According to calculations from historical data, the two researchers found that the average growth curve is value = users1.4. This simple formula gives a benchmark ratio for what cryptocurrency fundamentals should be, similar to how the historical Price to Earnings (P/E) ratio acts as a benchmark to what a stock price should be.

Bitcoin’s market capitalization is far greater than its fundamentals

The two Goldman Sachs researchers noted that there’s a serious deviation from the value bitcoin should have based on its user growth compared to the value it actually has in the form of its current $590.45 billion market capitalization.

According to crypto analysts, bitcoin’s value has grown by 520% from its 2018 average, which is far higher than the rate of its network growth in the same period, which was between 60% and 100%.

If we are to go with the rate of bitcoin’s user growth, its value should have grown between 90% and 150%, depending on when you start counting in 2018, and not 520% that it has reportedly grown.

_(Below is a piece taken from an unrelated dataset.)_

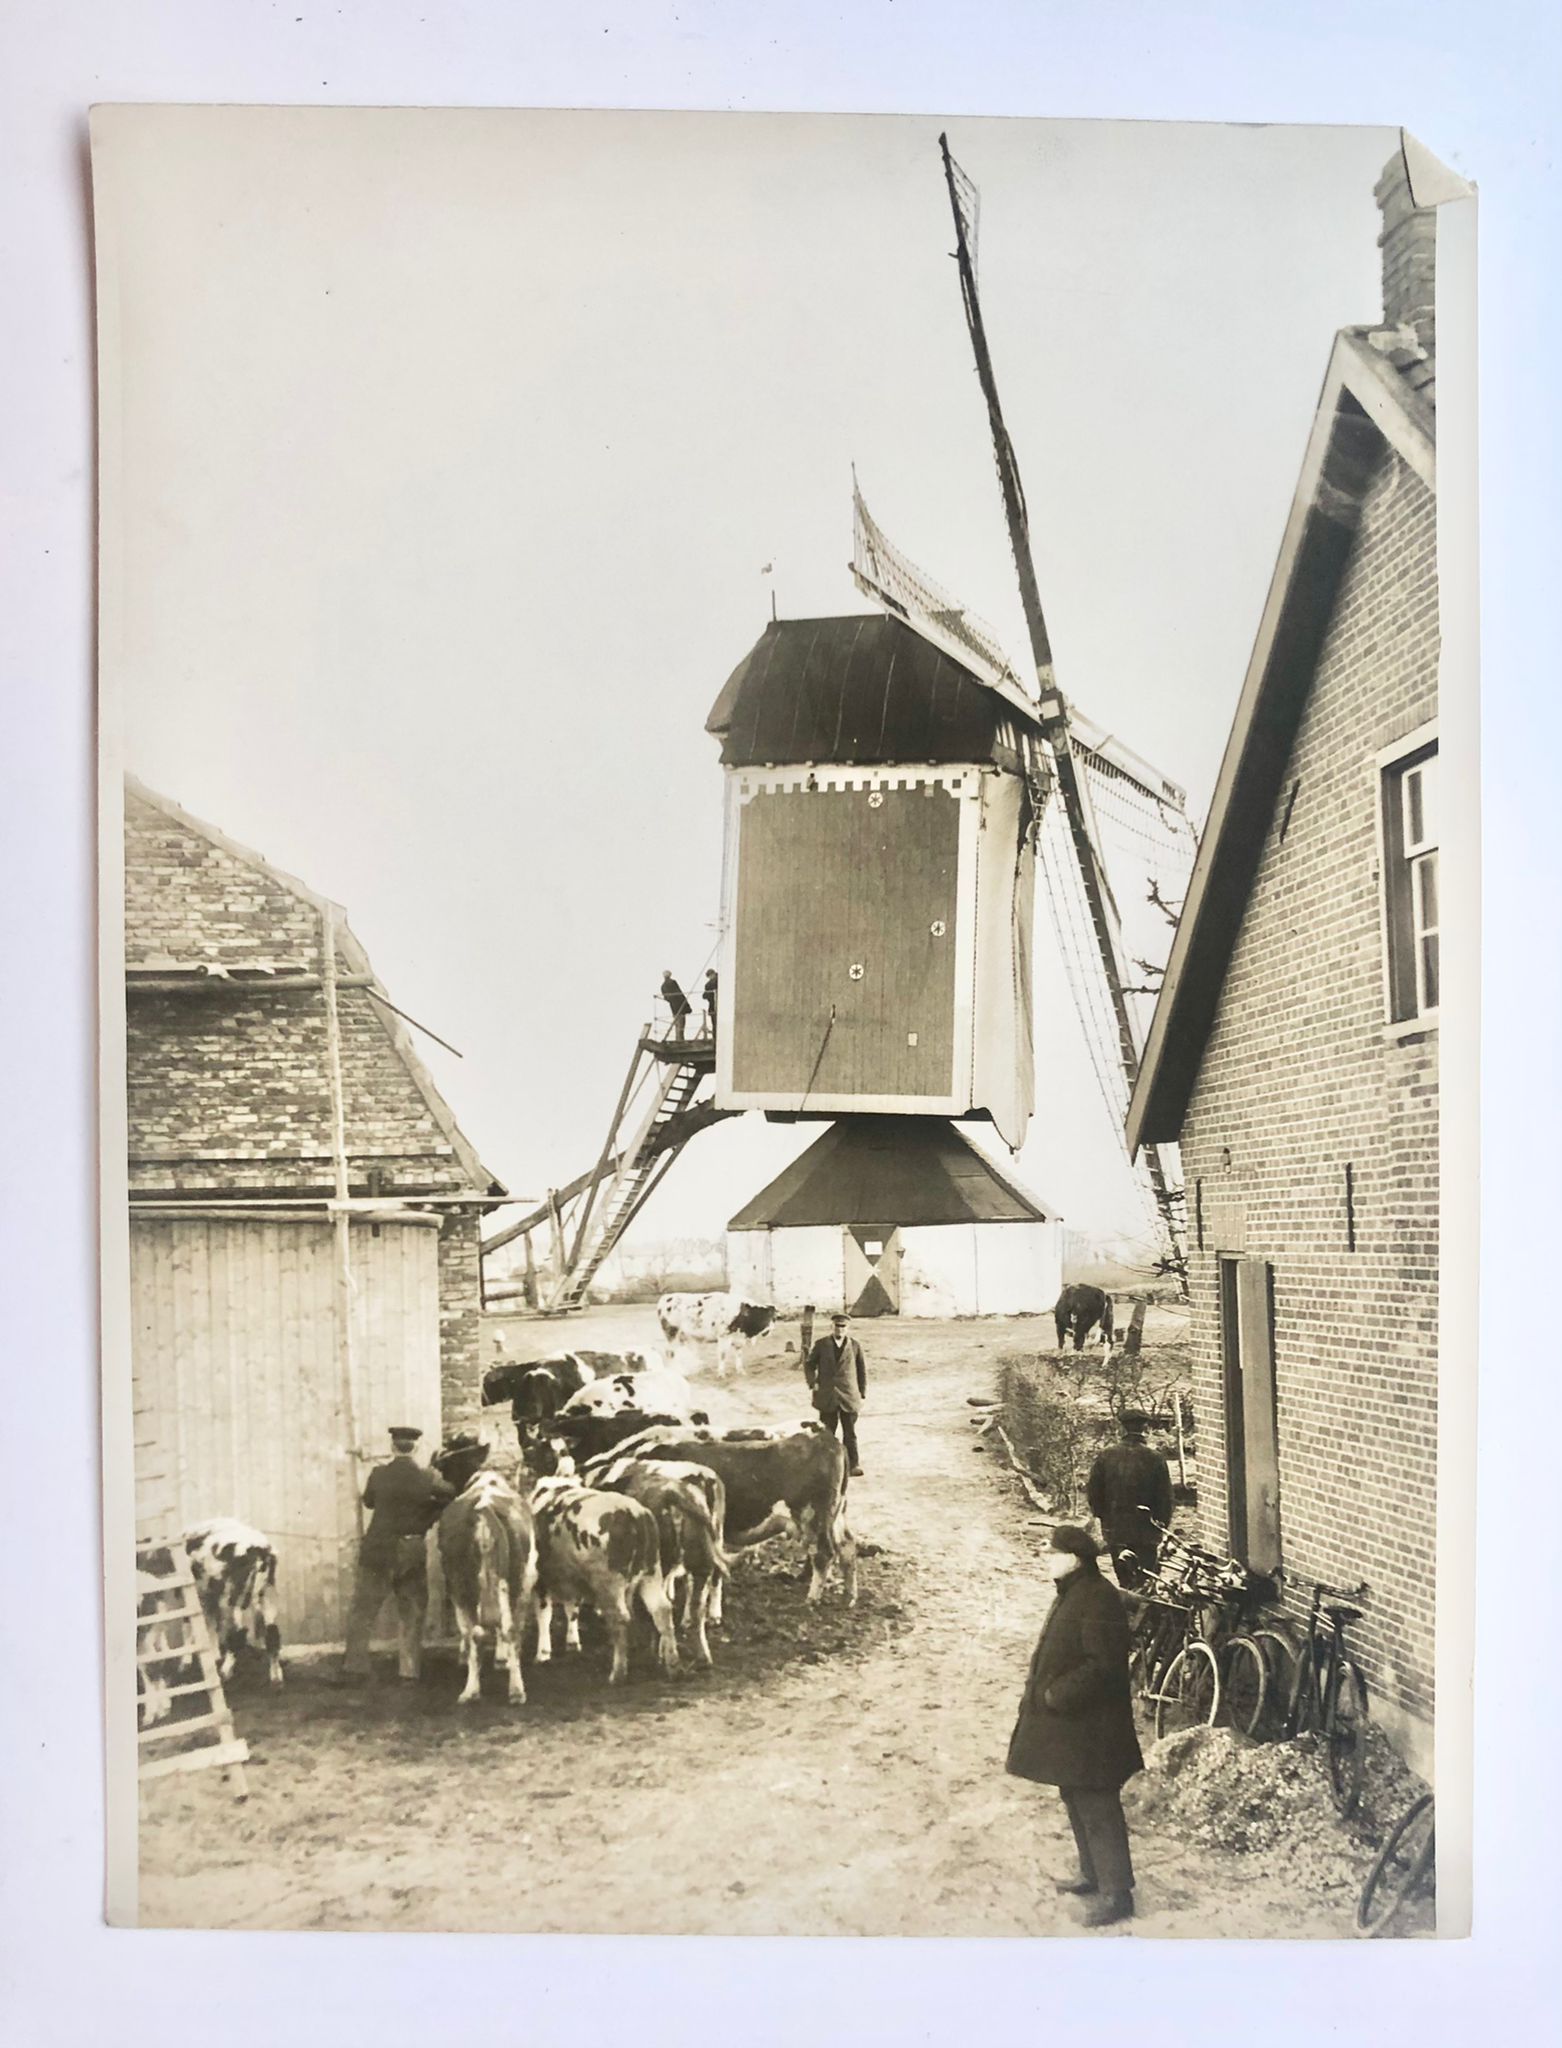  - [Photography, ZALK] Drie persfoto's, begin 20e eeuw, van de overstromingen (flood) te Zalk en omgeving (Nederasselt) op 1 januari 1926, elk 18x24 cm.

Like stock fundamentals that don’t tell the whole story about a stock’s performance or growth, this increase in bitcoin value does not necessarily represent the cryptocurrency’s fundamentals.

The difference between bitcoin’s fundamental value and its market cap brings us to three possibilities: Bitcoin might currently be valued incorrectly; this likely happened in 2018. Alternatively, it could also be a combination of the two where its value was incorrect both in 2018 and at present. Another factor that could explain this significant difference is how cryptocurrency enthusiasts see bitcoin as a fantastic, new and easy way to get rich quick. According to Pandl and Rosenberg, sentiments like these complicate things even further. They are why looking at these network fundamentals is not conclusive but just one of the ways to value cryptocurrency amongst other alternatives.

Pandl and Rosenberg added that rising cryptocurrency prices might generate more trading activity from investors speculating a continued increase, which in turn might lead to network growth.

For this reason, the two researchers from Goldman Sachs added that rising network activity might not necessarily represent an improvement in cryptocurrency ‘fundamentals.’ The platforms do not have increased economic value through network effects because the increase in trading activity is simply speculative.

They concluded that for cryptocurrency networks to have sustainable value, activity needs to be driven by non-speculative use cases.